(EXERCISE OBJECTIVE): Line for line, return the data exactly, omitting all pictures.

(DATA PROVIDED):

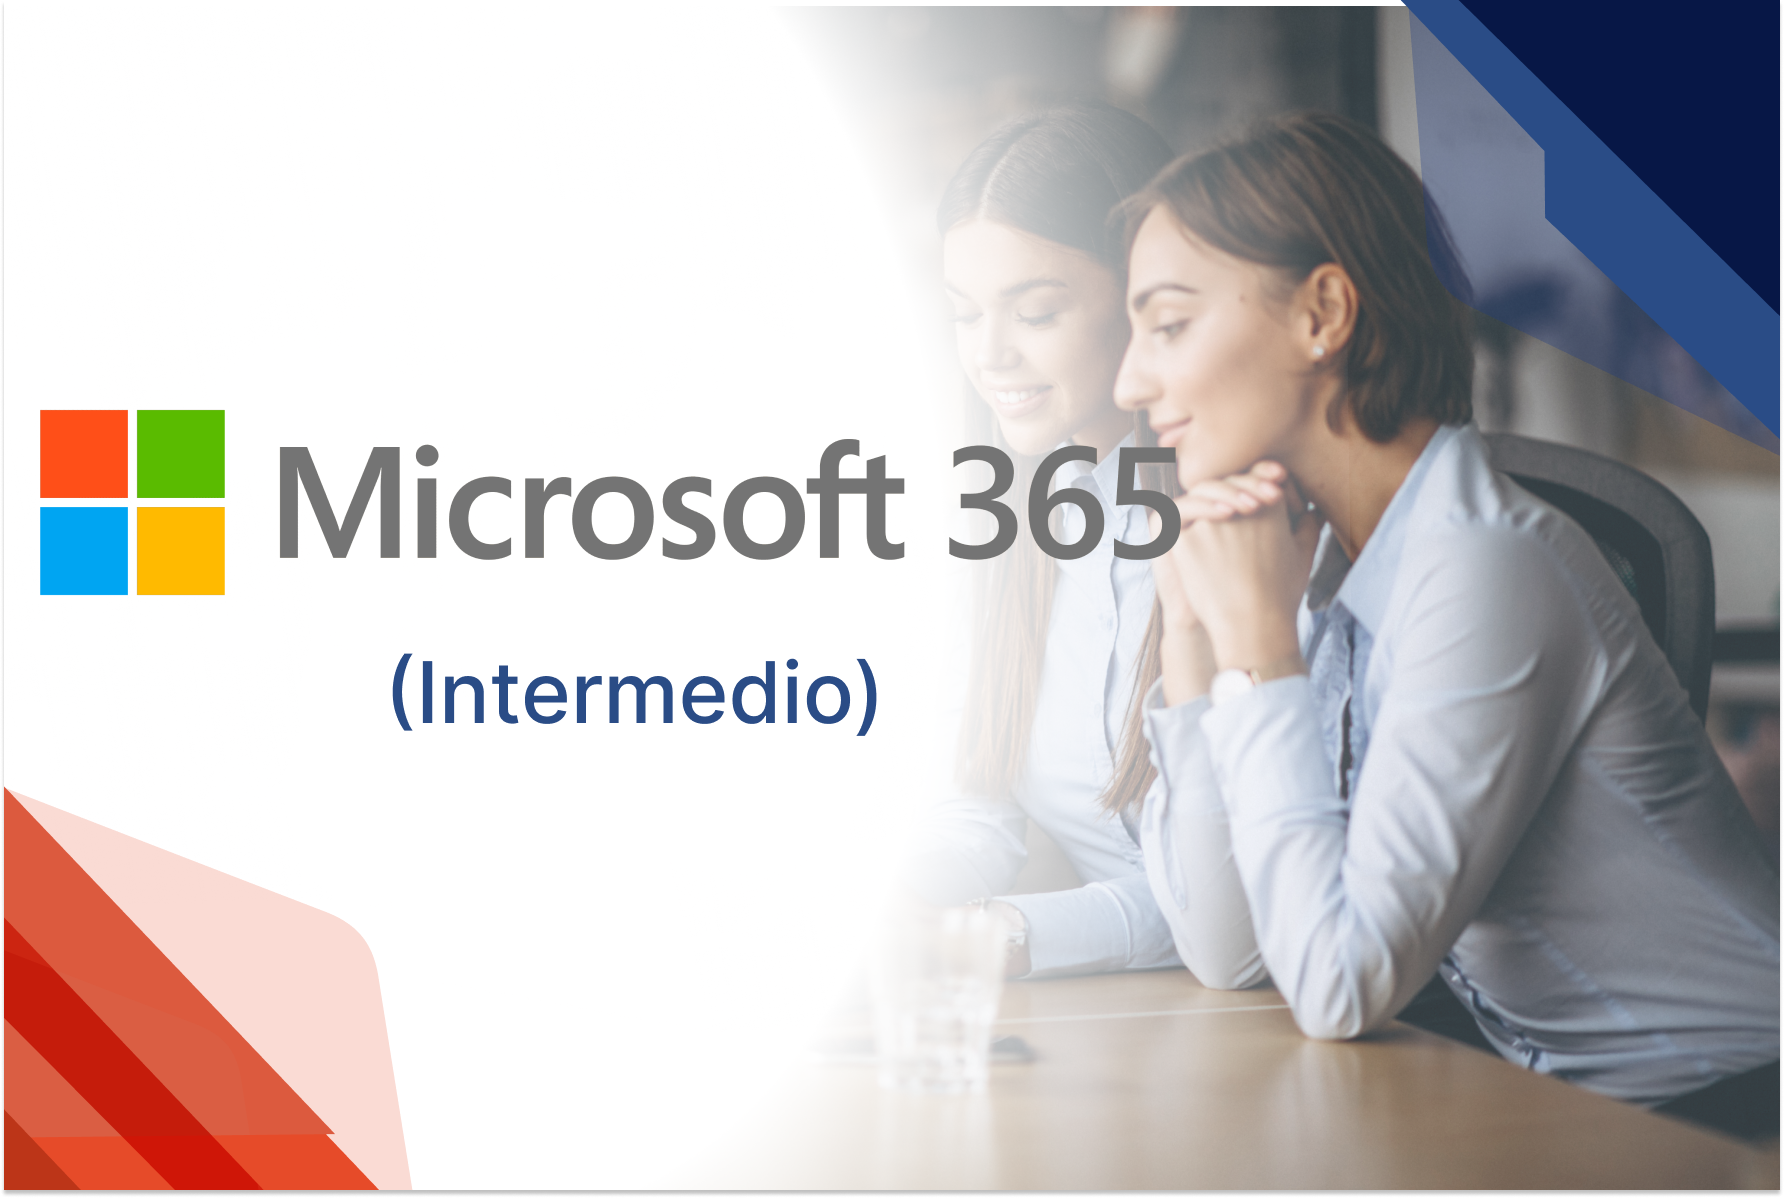 Uso y aprovechamiento de Office 365 en la empresa (Intermedio)
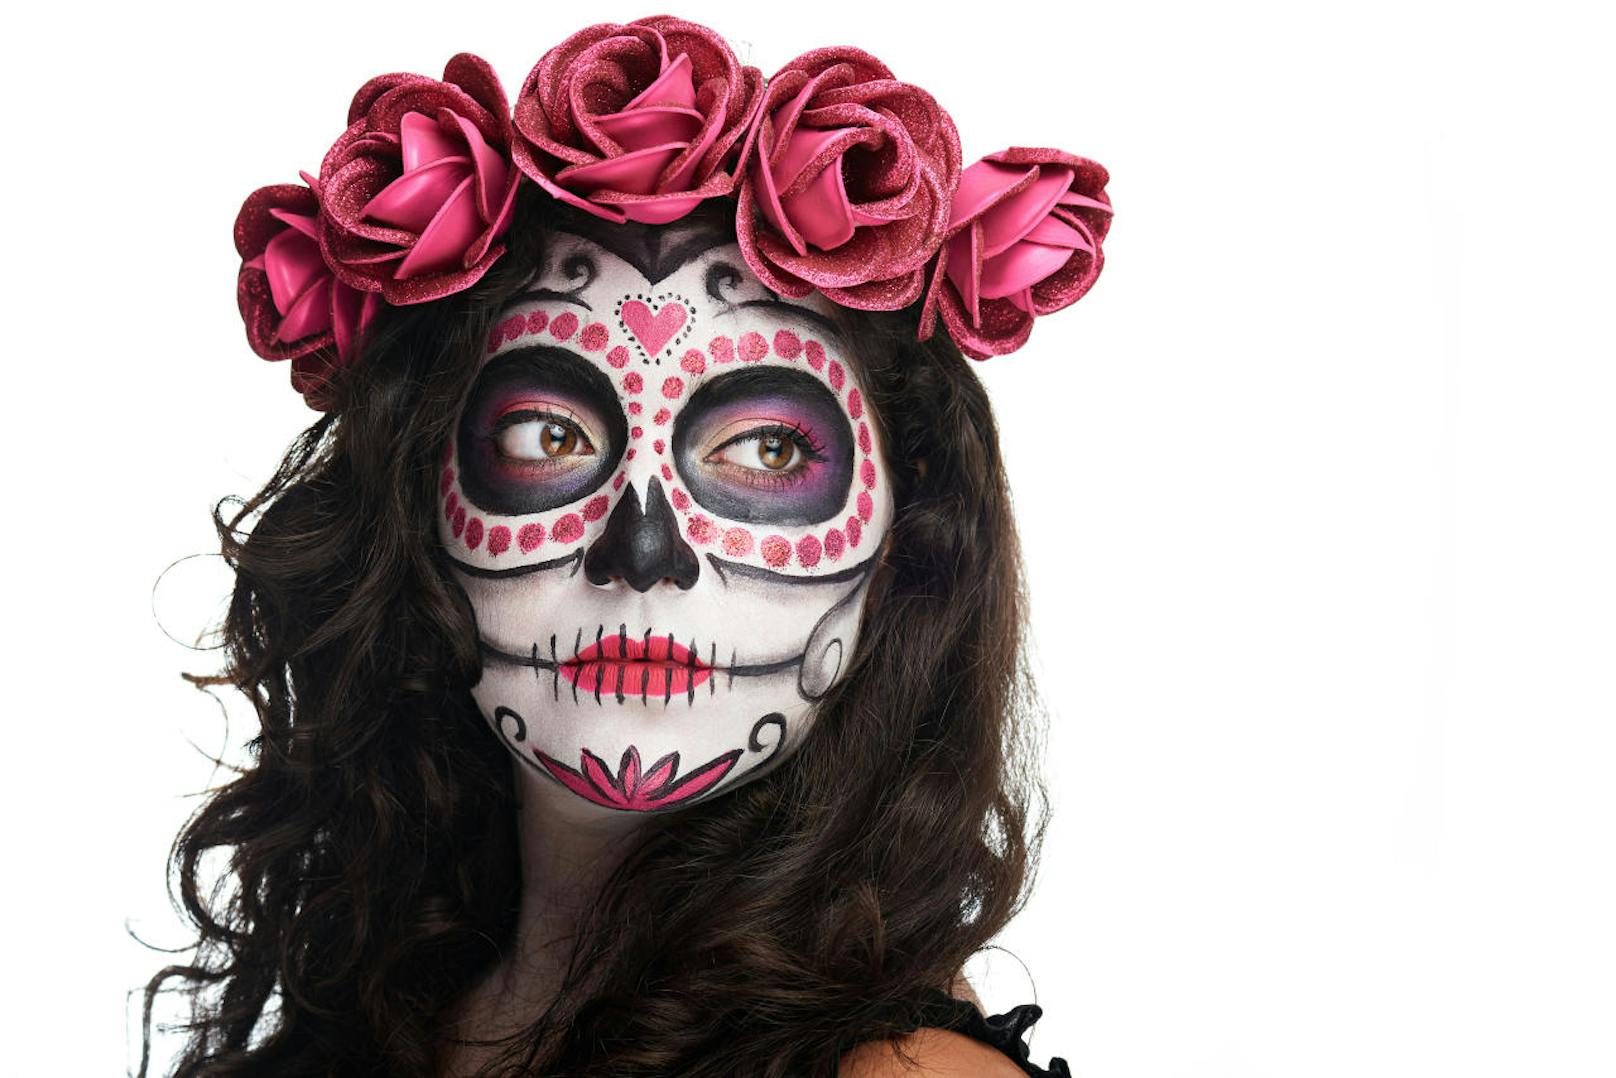 Ein Musik Festvial ist kein Halloween-Fest. Skull Make Up ist da eher fehl am Platz.
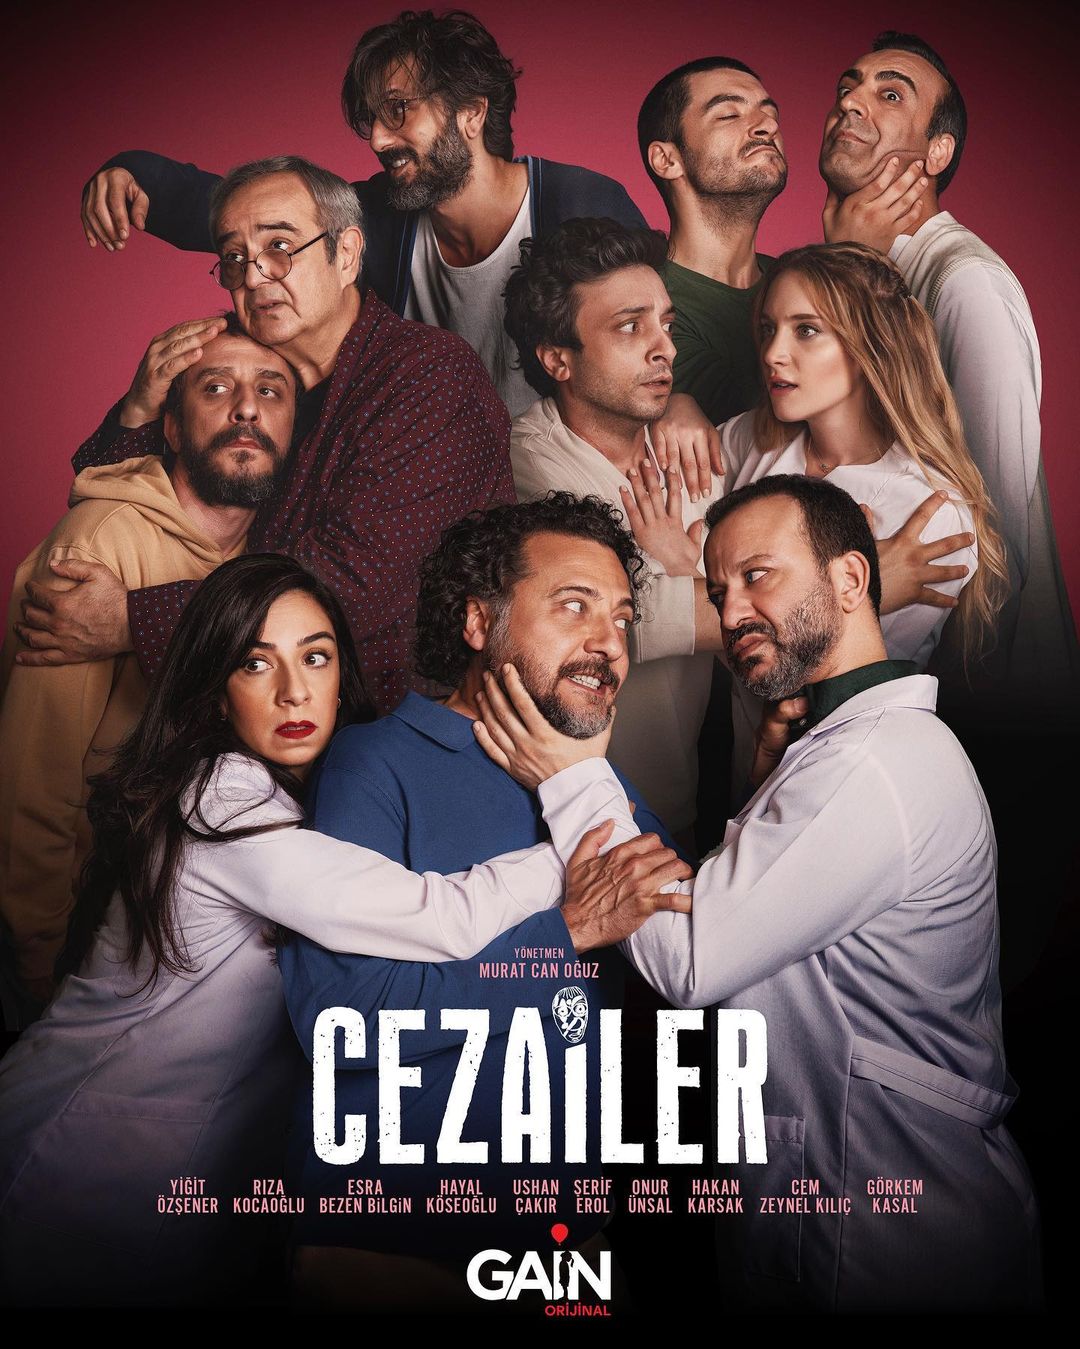 TV ratings for Cezailer in Denmark. Gain TV series
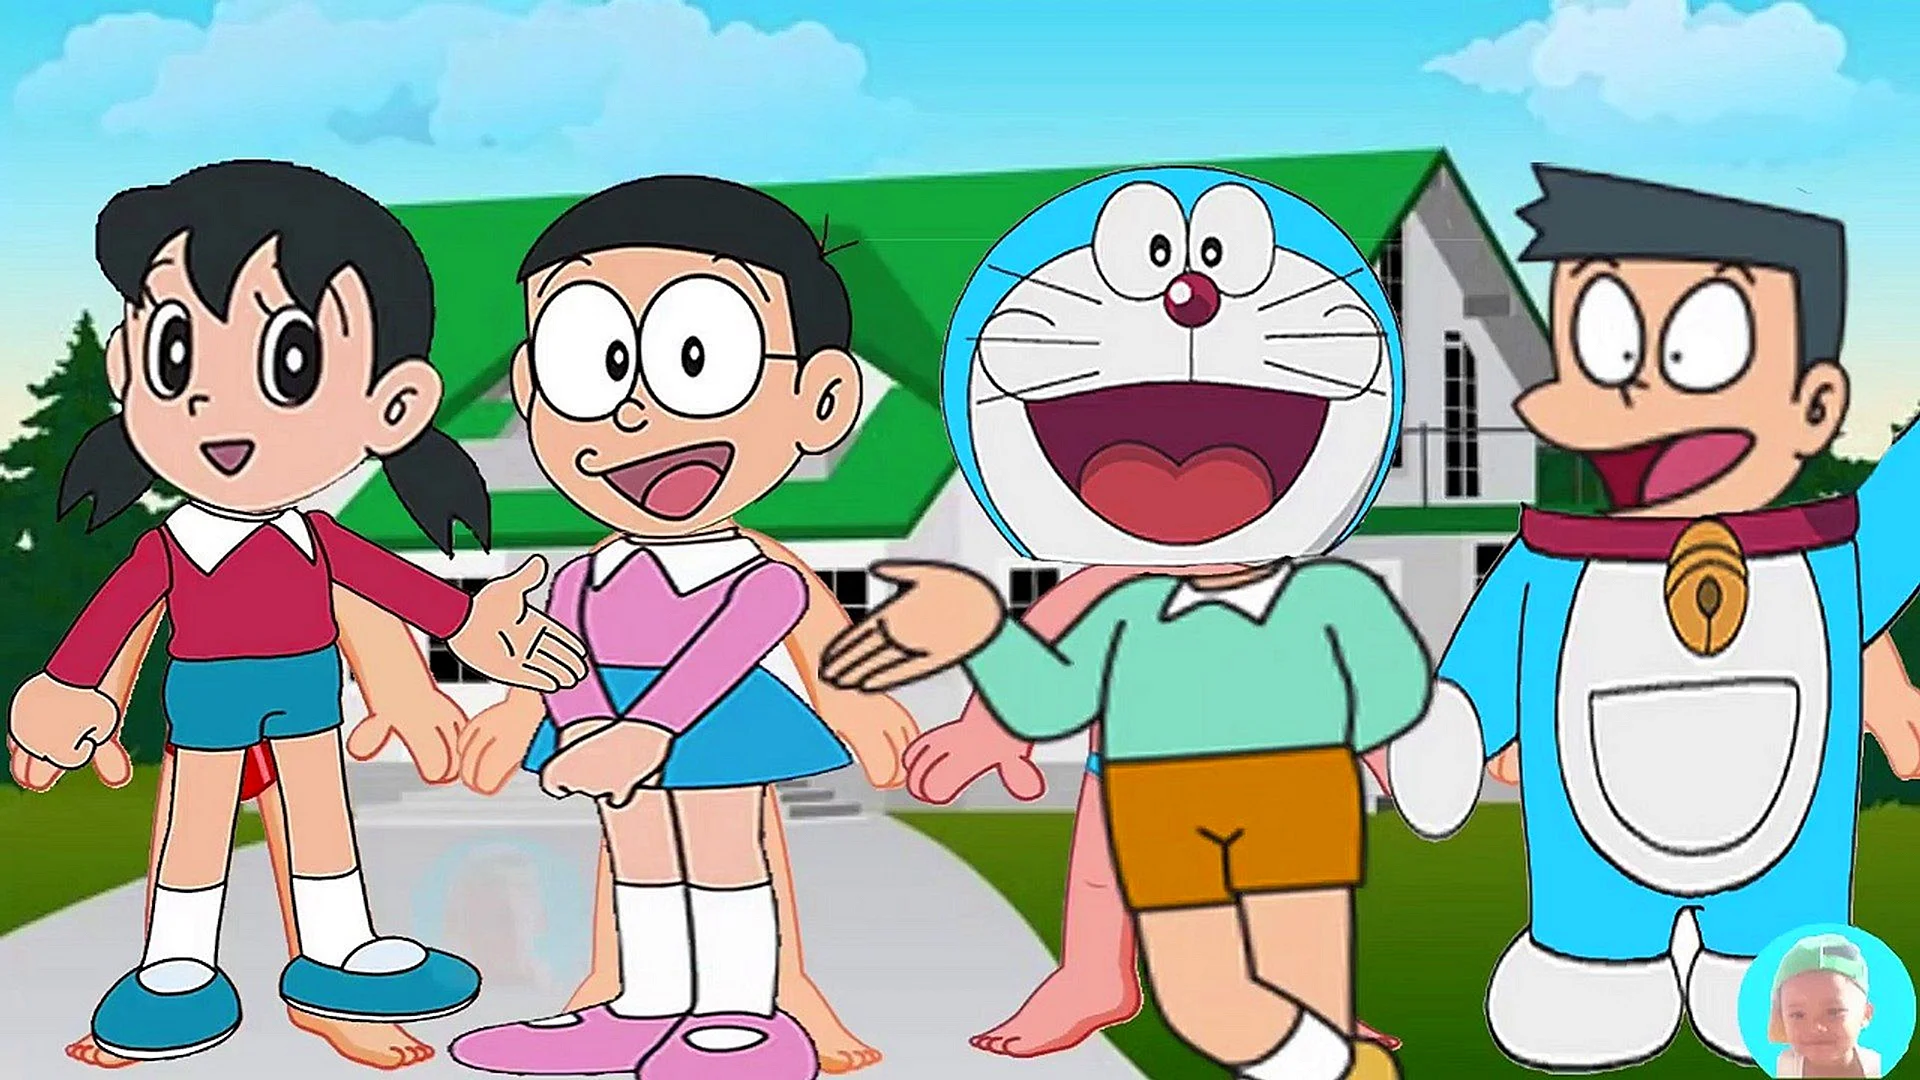 Doraemon Shizuka Wallpaper

(OUTPUT FOR THIS EXERCISE):
 Uso y aprovechamiento de Office 365 en la empresa (Intermedio)
 Ein Musik Festvial ist kein Halloween-Fest. Skull Make Up ist da eher fehl am Platz.
 TV ratings for Cezailer in Denmark. Gain TV series
 Doraemon Shizuka Wallpaper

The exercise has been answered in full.